Activity
Transcribe only the lines in the data below falling between the line with "Flagge GemeindeSchackendorf, Kreis Segeberg" and the line with "продажа дома номер", including those two lines, and leave out any picture.

Dataset content

──────────────────────────────

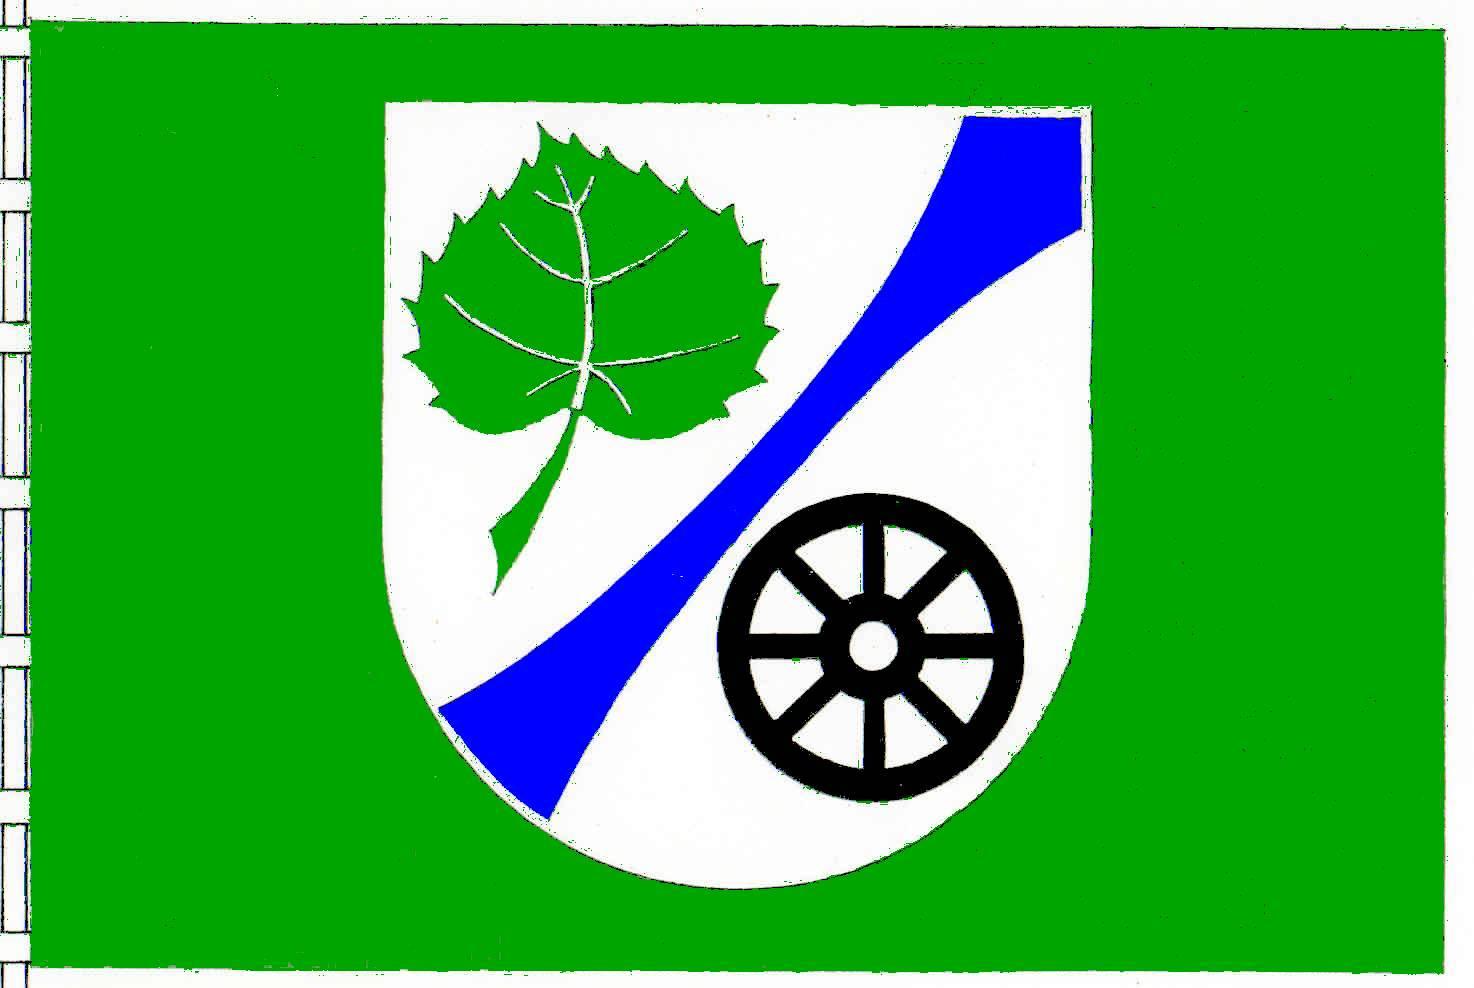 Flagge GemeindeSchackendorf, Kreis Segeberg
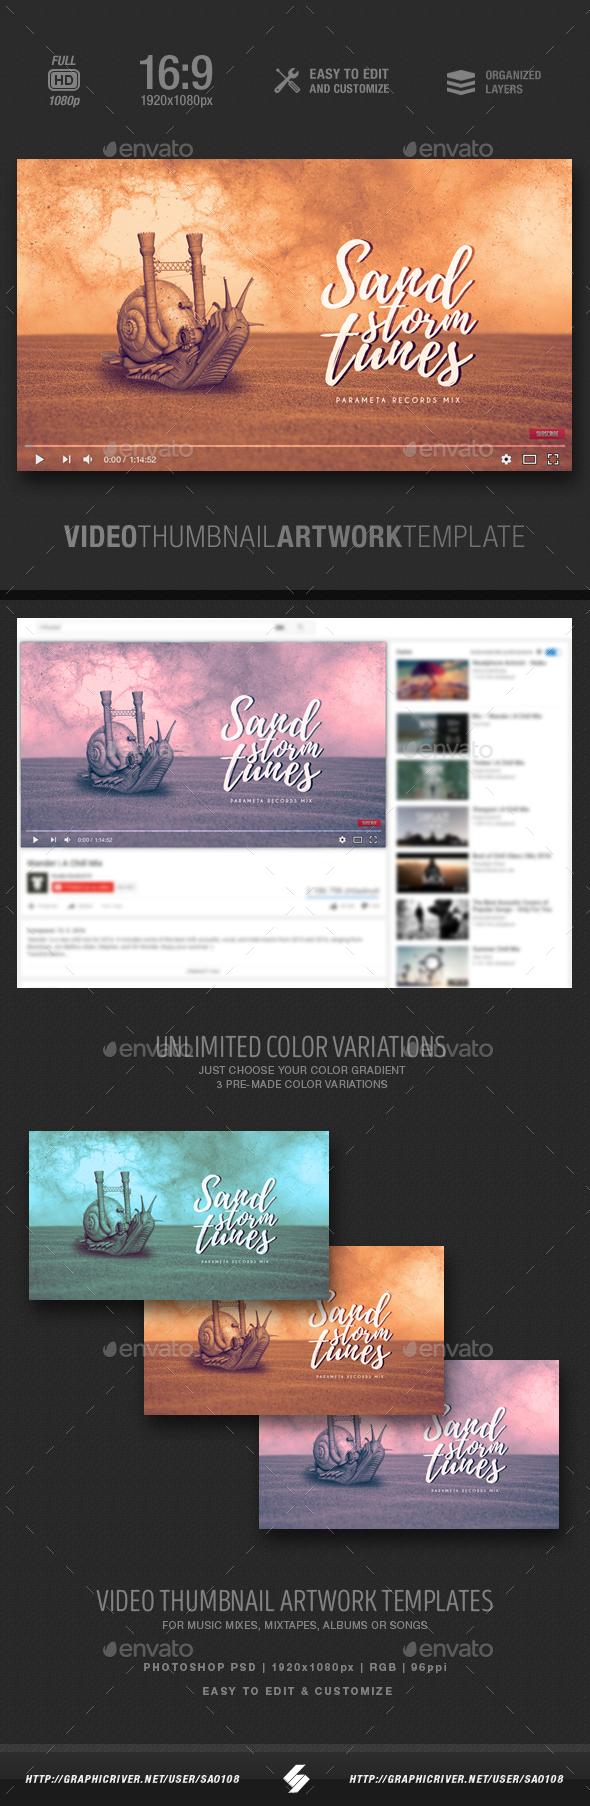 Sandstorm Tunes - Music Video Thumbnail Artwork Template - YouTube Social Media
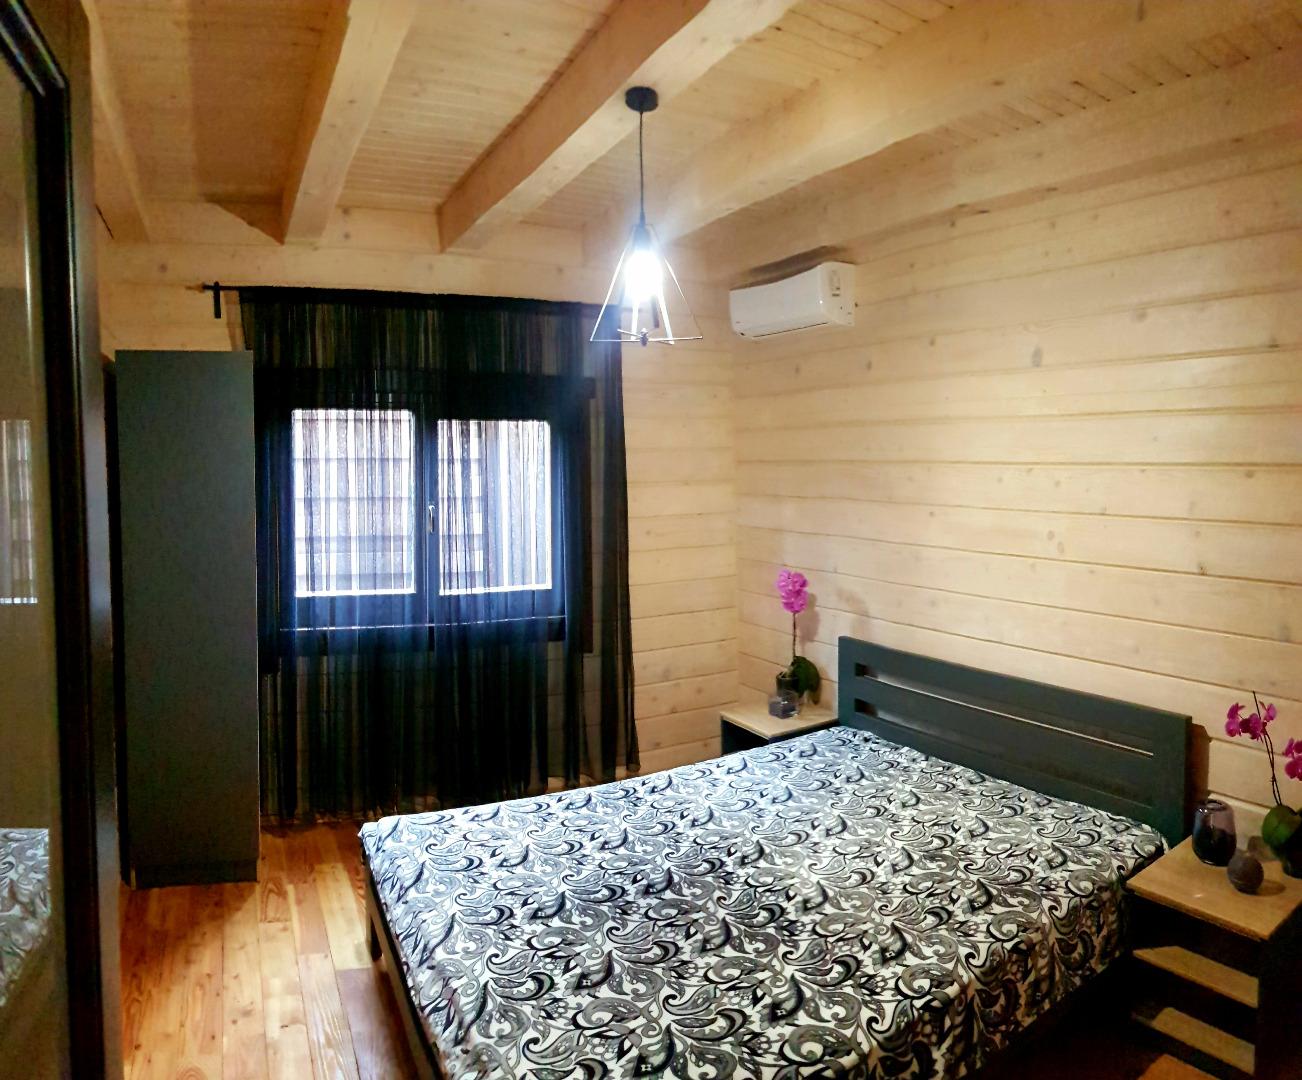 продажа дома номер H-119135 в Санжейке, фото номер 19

──────────────────────────────

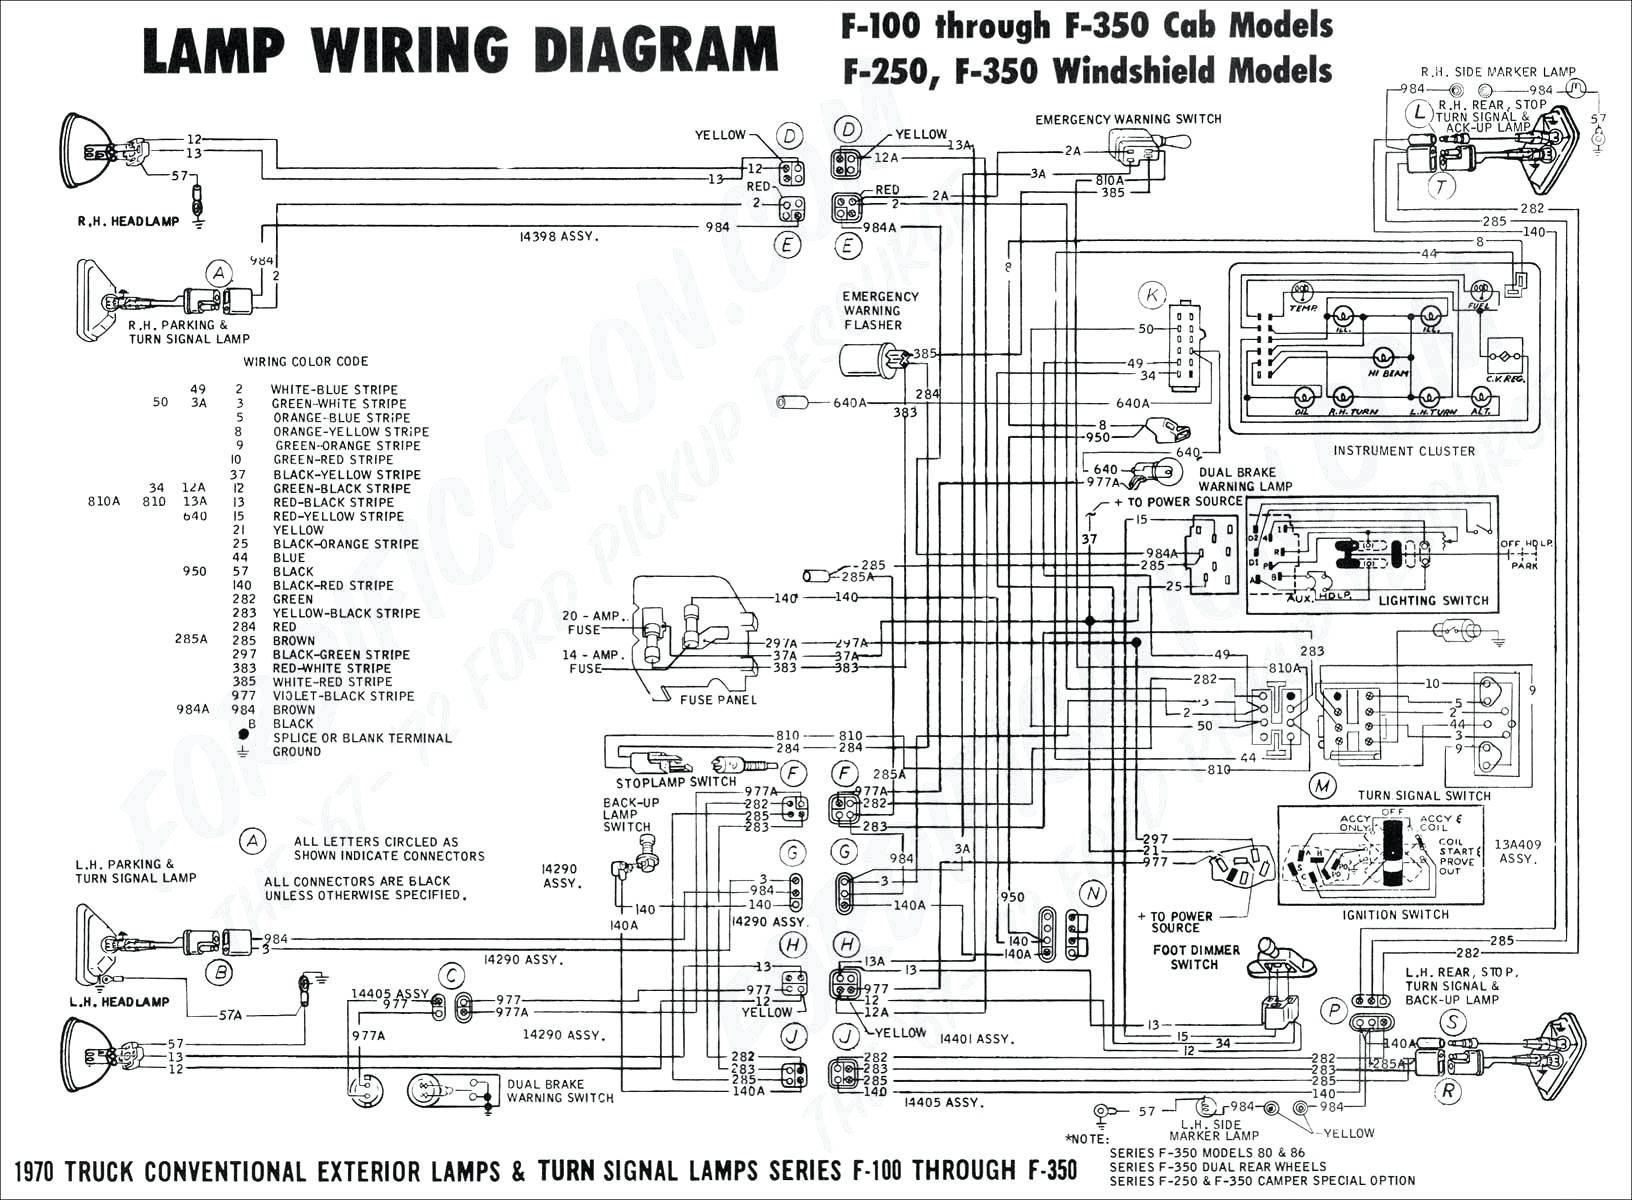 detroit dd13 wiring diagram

──────────────────────────────

Exercise output
 Flagge GemeindeSchackendorf, Kreis Segeberg
 Sandstorm Tunes - Music Video Thumbnail Artwork Template - YouTube Social Media
 продажа дома номер H-119135 в Санжейке, фото номер 19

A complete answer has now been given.